早期预测和预警职业性噪声性听力损失(NIHL)是至关重要的。本研究旨在通过机器学习(ML)技术探讨危险因素及其变量类型在NIHL预测中的作用。暴露和NIHL数据来自中国国家职业病监测规划和现场测量,涉及15160名工人。我们开发了基于逻辑回归、三种基于树的算法(随机森林[RF]、极端梯度增强[XGBoost]、轻梯度增强机[LGBM])和表格神经网络[TabNet]的预测模型。通过logistic回归和ML特征重要性分析,对年龄、性别、噪声暴露时间(ED)、a加权等效声压(LAeq,8 h)、峰度、收缩压、舒张压、听力保护装置(HPD)使用情况等8个特征进行评价。使用变量的原始版本和分类版本对模型进行训练,以比较变量类型的预测值并评估每种算法的适用性。多因素logistic回归显示,年龄、噪声ED、LAeq、8 h、性别、HPD使用与NIHL有显著相关性(P <;0.05)。除逻辑回归外,使用基于树和TabNet算法的原始变量类型构建的模型优于使用分类类型(P <;0.05)。使用原始变量类型的LGBM模型在测试集上取得了最佳性能[曲线下面积(AUC)为0.745 (95% CI 0.729-0.763)]。特征重要性分析显示LAeq、8 h (LGBM)、性别(XGBoost)、年龄(RF)和峰度(TabNet)是关键预测变量,与logistic回归结果一致。我们的研究表明,连续可变类型的危险因素对NIHL的预测价值优于分类类型。基于树的算法和TabNet算法提供了评估和预测NIHL的有效方法。
期刊介绍:
The aim of the journal is to provide a forum for papers concerned with basic peripheral and central auditory mechanisms. Emphasis is on experimental and clinical studies, but theoretical and methodological papers will also be considered. The journal publishes original research papers, review and mini- review articles, rapid communications, method/protocol and perspective articles.

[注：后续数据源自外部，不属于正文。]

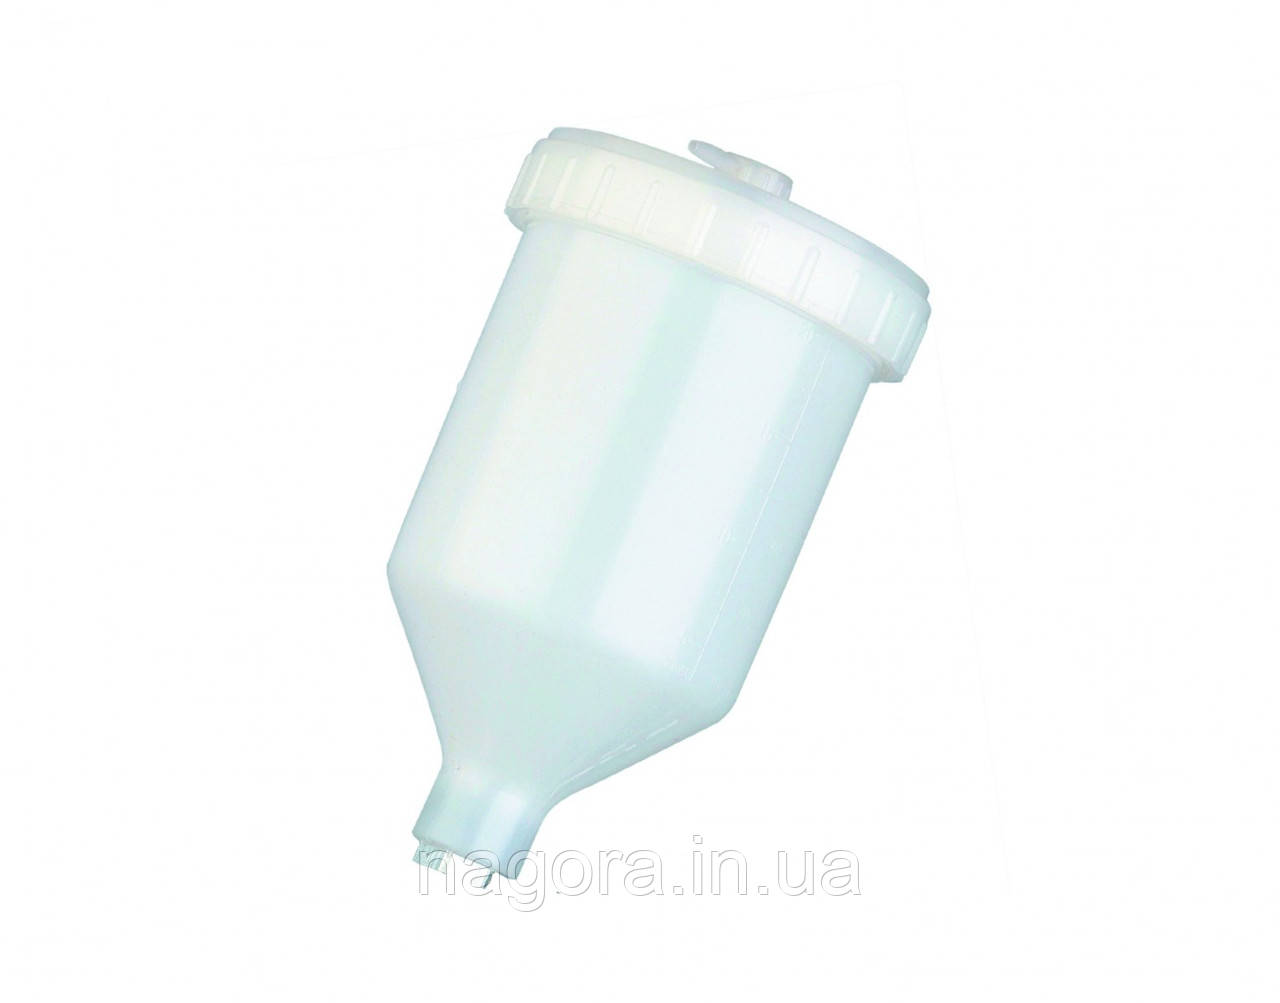 SATA Пластиковий бачок 0,125 л для SATAminijet 3000 B HVLP, minijet 4 HVLP

Papers submitted should deal with auditory anatomy, physiology, psychophysics, imaging, modeling and behavioural studies in animals and humans, as well as hearing aids and cochlear implants. Papers dealing with the vestibular system are also considered for publication. Papers on comparative aspects of hearing and on effects of drugs and environmental contaminants on hearing function will also be considered. Clinical papers will be accepted when they contribute to the understanding of normal and pathological hearing functions.